While our study was designed to assess the real-world safety of baricitinib, it is notable that 52.4% of patients achieved DAS28-CRP remission at 24 weeks. This proportion is comparable to the Japanese PMSS (61.3%) [26], which is higher than in clinical trials [16, 18]. In our study, the LS mean change from baseline to week 24 for DAS28-CRP, SDAI, and CDAI was − 1.9, − 19.3, and − 17.7, respectively. In the Spanish ORBIT-RA real-world study of patients with refractory RA, the mean (SD) change from baseline in SDAI and CDAI at 6 months was − 13.4 (11.6) and − 13.0 (11.4), respectively [33]. However, caution is warranted when interpreting any comparisons due to differences in patient populations and methodological differences between the studies. For example, patients in our study who received baricitinib for < 10 weeks were excluded from the effectiveness analysis, while patients in clinical trials who received rescue therapy or discontinued were defined as non-responders [13, 16].

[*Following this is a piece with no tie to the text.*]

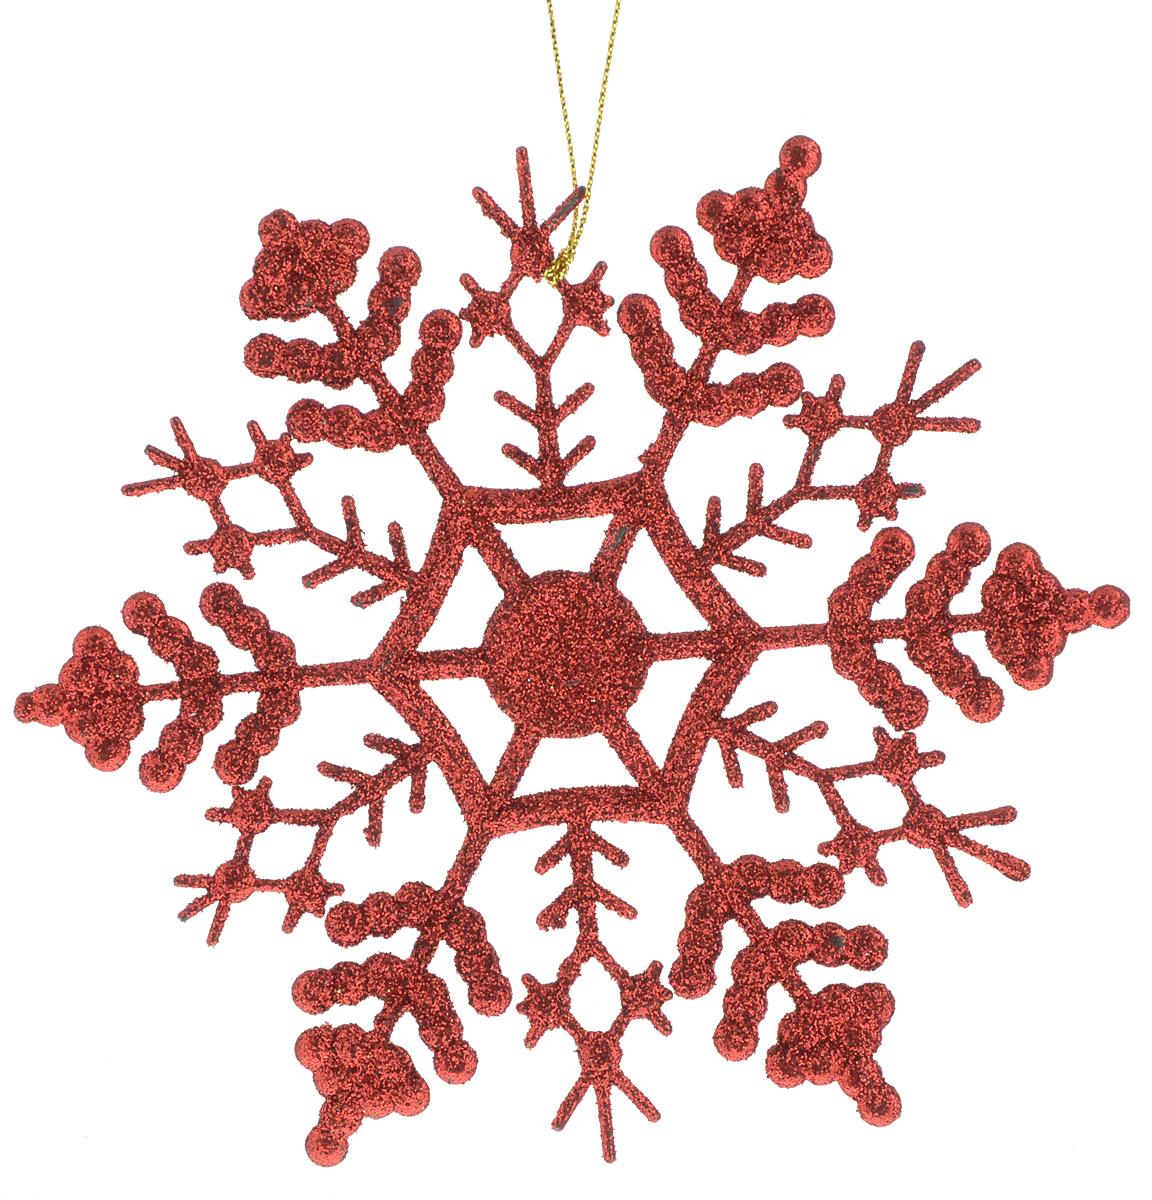 Украшение новогоднее подвесное Magic Time Снежинка-паутинка красная, 16,5 х 16,5 см38728Новогоднее подвесное украшение Magic Time Снежинка-паутинка красная выполнено из полипропилена в виде снежинки и украшено блестками. С помощью специальной петельки украшение можно повесить в любом понравившемся вам месте. Но, конечно, удачнее всего оно будет смотреться на праздничной елке. Елочная игрушка - символ Нового года. Она несет в себе волшебство и красоту праздника. Создайте в своем доме атмосферу веселья и радости, украшая новогоднюю елку нарядными игрушками, которые будут из года в год накапливать теплоту воспоминаний. Материал: полипропилен. Размер: 16,5 х 16,5 см.

In our study, there was some discrepancy between the DAS28-CRP and SDAI/CDAI measures of effectiveness. This may be expected, as previous studies, including an observational study using the Chinese CREDIT database with 30,501 patients, have found that that the proportion of discordance was lowest between SDAI and CDAI (8.7%) and highest between DAS28-CRP and CDAI (32.8%) [34]. This suggests that despite high correlation between indices, they are not interchangeable [34]. Clinical trials have also found differences: in the RA-BEAM trial at week 24, 34% of patients who received baricitinib achieved DAS28-CRP remission, compared with 16% by SDAI/CDAI [5].

Patients reported reductions from baseline in both mean scores of duration of MJS and pain VAS in our study. While this observational study was not designed for statistical comparison of PROs, these results are in line with those reported in analyses of clinical trials wherein statistically significant improvements in PROs with baricitinib treatment were reported compared with placebo [5, 18, 35].

Limitations of this study include its single-arm, observational design, precluding robust conclusions regarding the safety or effectiveness of baricitinib treatment for RA in Chinese patients. Additionally, the 24-week maximum observation period limits safety conclusions drawn from these data for patients who receive baricitinib for longer than 24 weeks. However, EAIRs for AEs, treatment-related AEs, serious AEs, AEs leading to discontinuation, and AESIs did not increase from 12 to 24 weeks of observation, suggesting that a longer duration of baricitinib treatment does not lead to an increased risk of AEs. Taken together with previous studies of baricitinib treatment [5, 14,15,16,17,18], including long-term safety data, the results of this study do not suggest an increased risk of AEs with 24 weeks of baricitinib treatment. In our study, the majority of patients (86.8%) received concomitant csDMARDs. This is in line with the approval of baricitinib in China, where the approval of baricitinib is in combination with csDMARDs. However, due to the observational nature of this study which was designed to provide real-world data on safety and effectiveness of baricitinib, data regarding baricitinib monotherapy or other concomitant treatment patterns are not available.

Conclusions

In this real-world, observational study of baricitinib treatment in Chinese patients with moderate-to-severe active RA, baricitinib was generally well tolerated and the safety profile was consistent with previous reports, with no new safety signals. Baricitinib demonstrated promising effectiveness, with over half of evaluable patients achieving DAS28-CRP remission at 24 weeks. These encouraging safety and effectiveness data support the use of baricitinib for Chinese patients with RA.